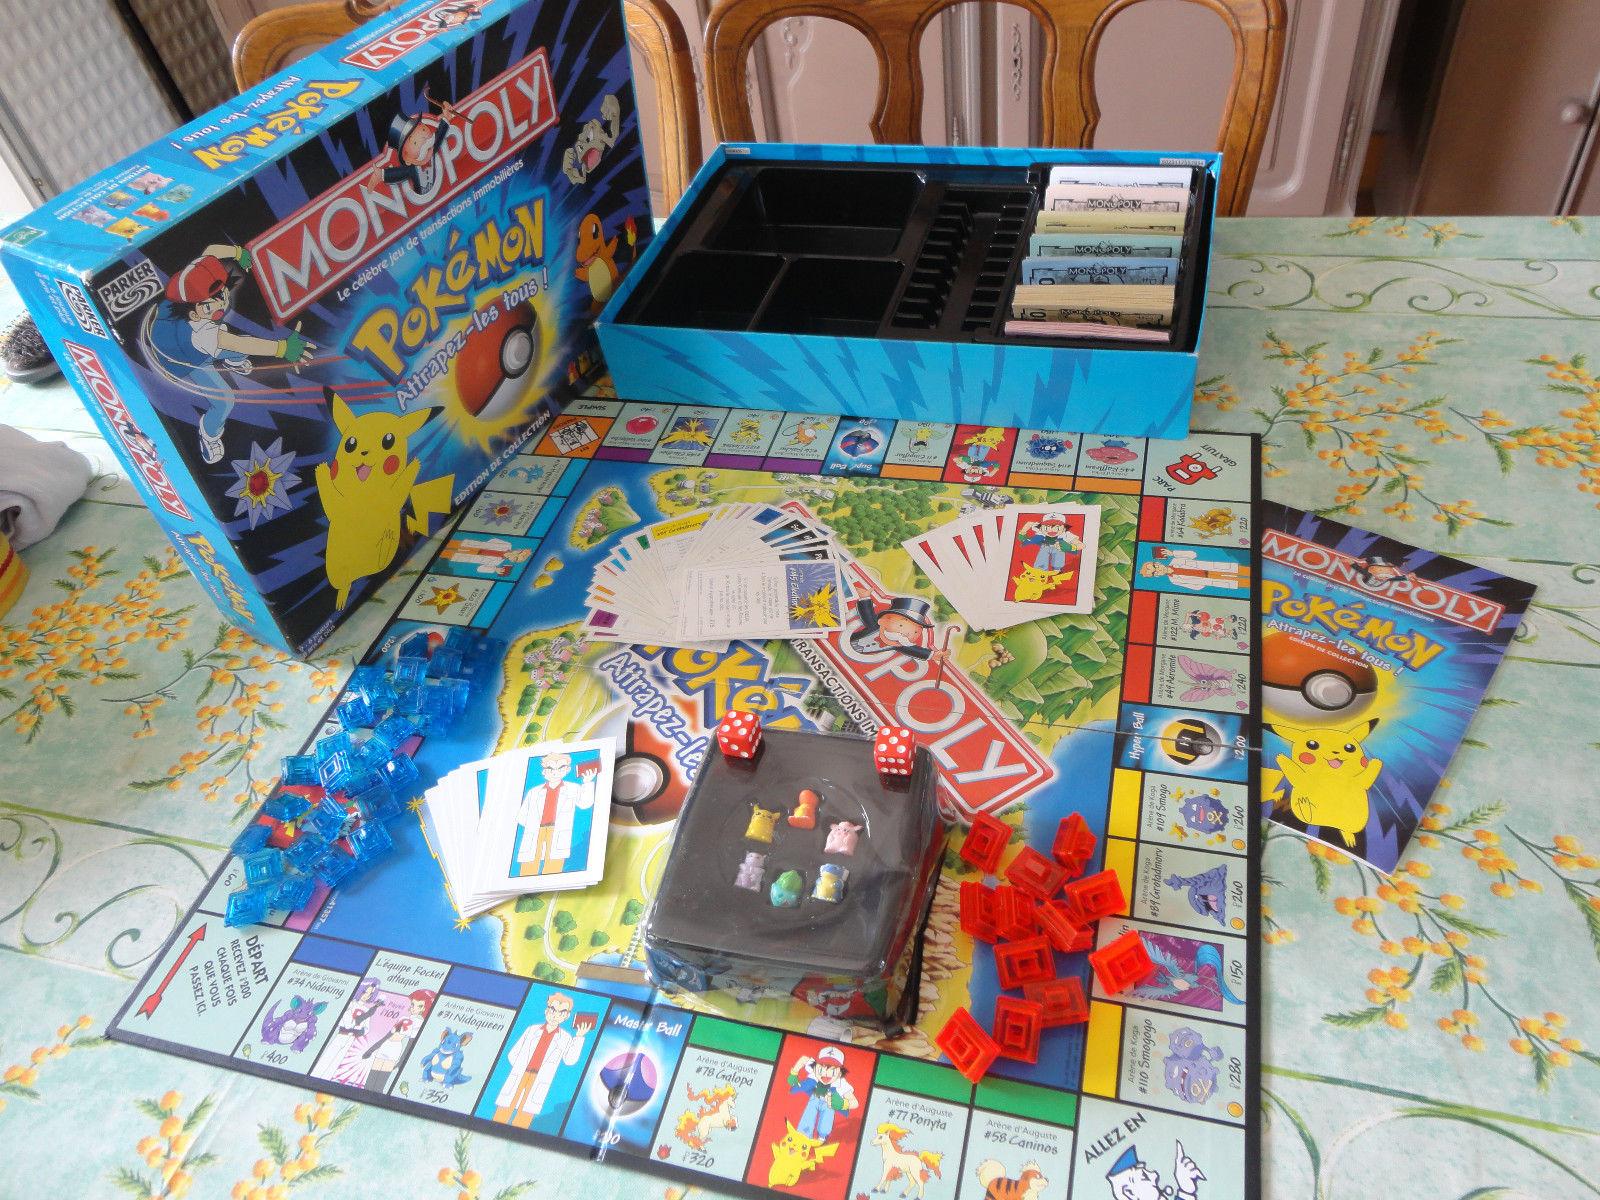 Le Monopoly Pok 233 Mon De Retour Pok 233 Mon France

...

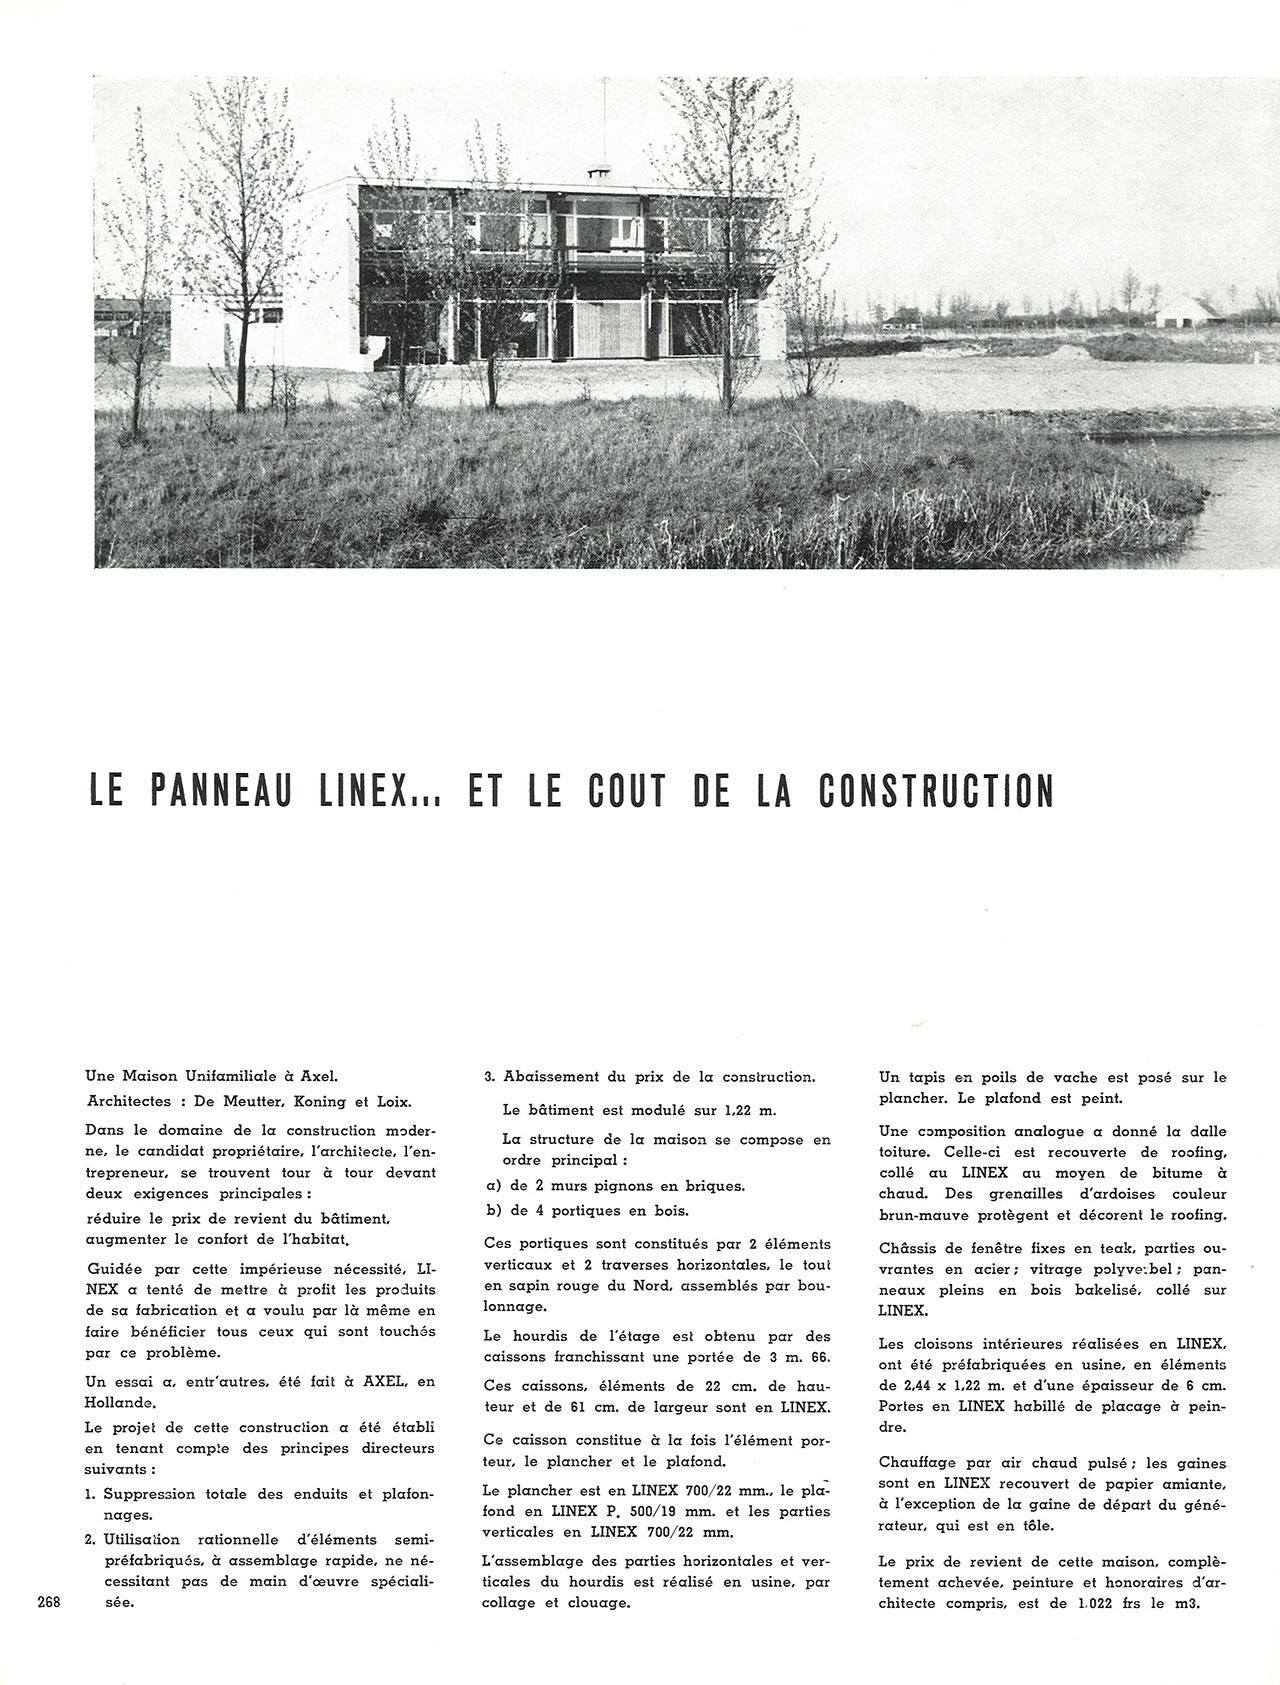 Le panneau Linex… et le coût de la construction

---

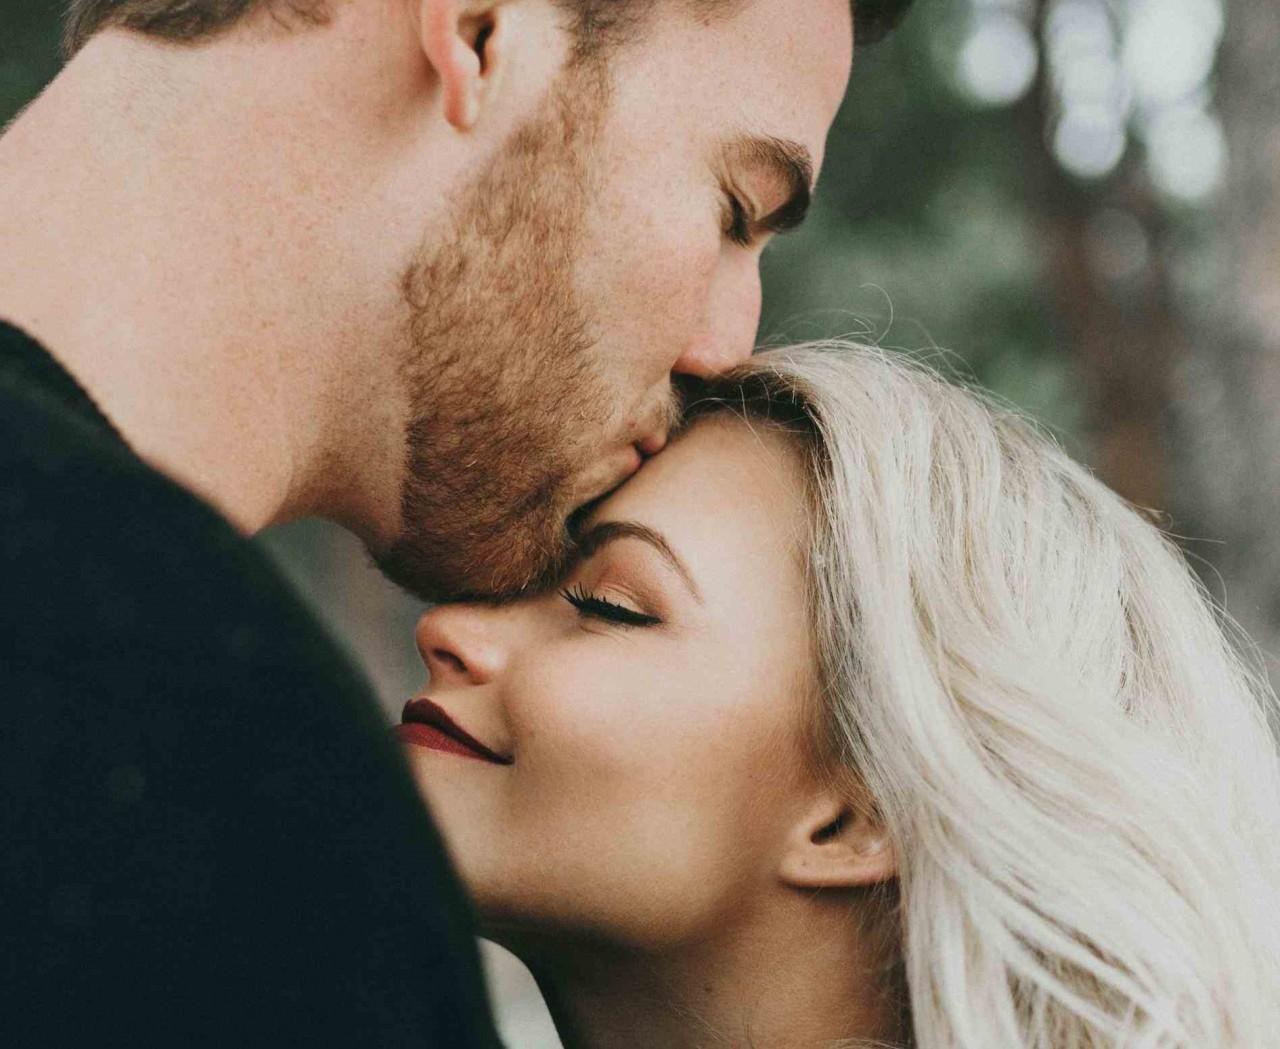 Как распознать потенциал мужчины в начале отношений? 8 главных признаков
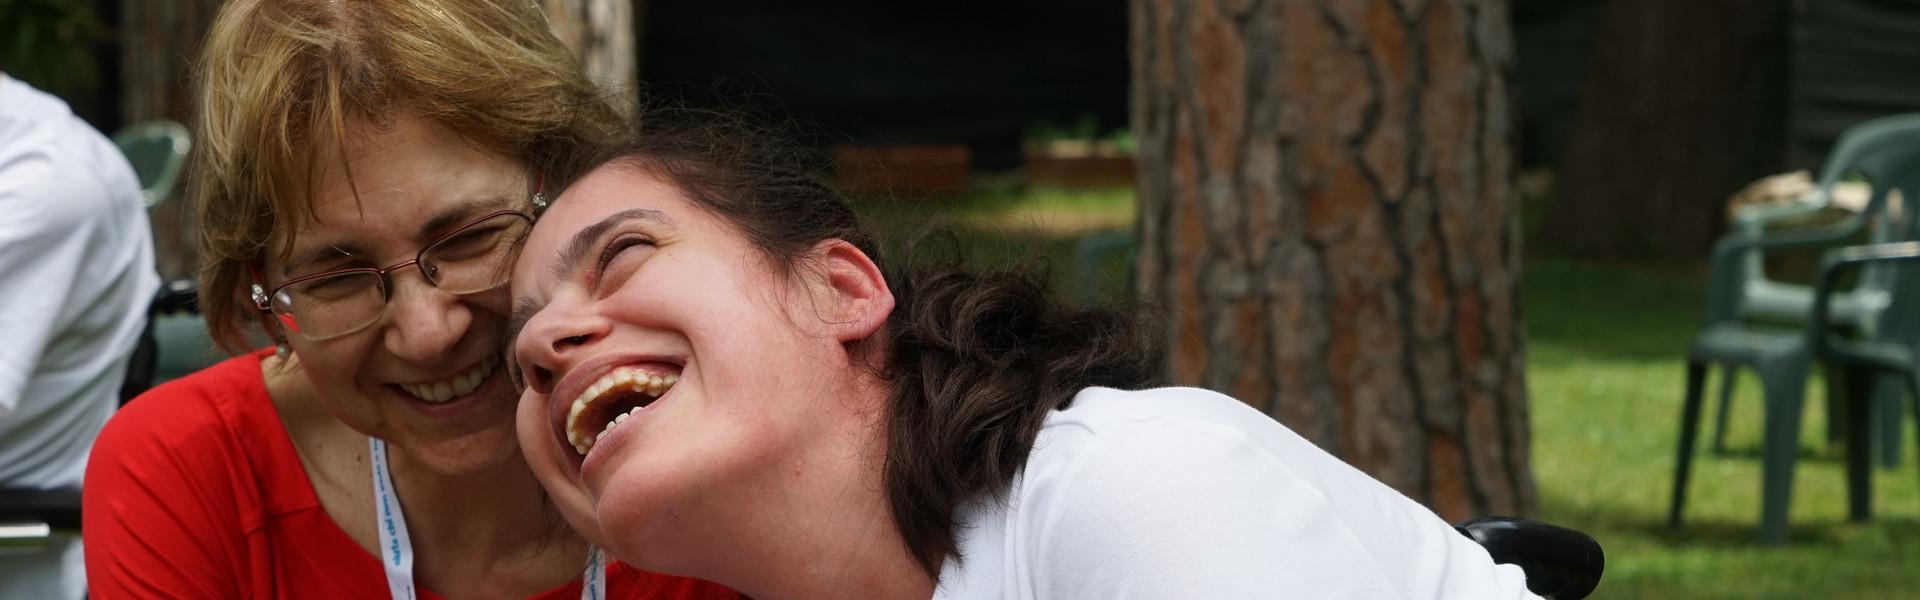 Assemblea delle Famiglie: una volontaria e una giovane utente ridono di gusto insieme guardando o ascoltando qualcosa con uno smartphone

■ Description of the task ■
Reproduce the data above exactly, but only the lines from the one showing "Как распознать потенциал" through the one showing "Assemblea delle Famiglie: una", with both ends kept and the pictures left out.

■ Answer to this exercise ■
 Как распознать потенциал мужчины в начале отношений? 8 главных признаков
 Assemblea delle Famiglie: una volontaria e una giovane utente ridono di gusto insieme guardando o ascoltando qualcosa con uno smartphone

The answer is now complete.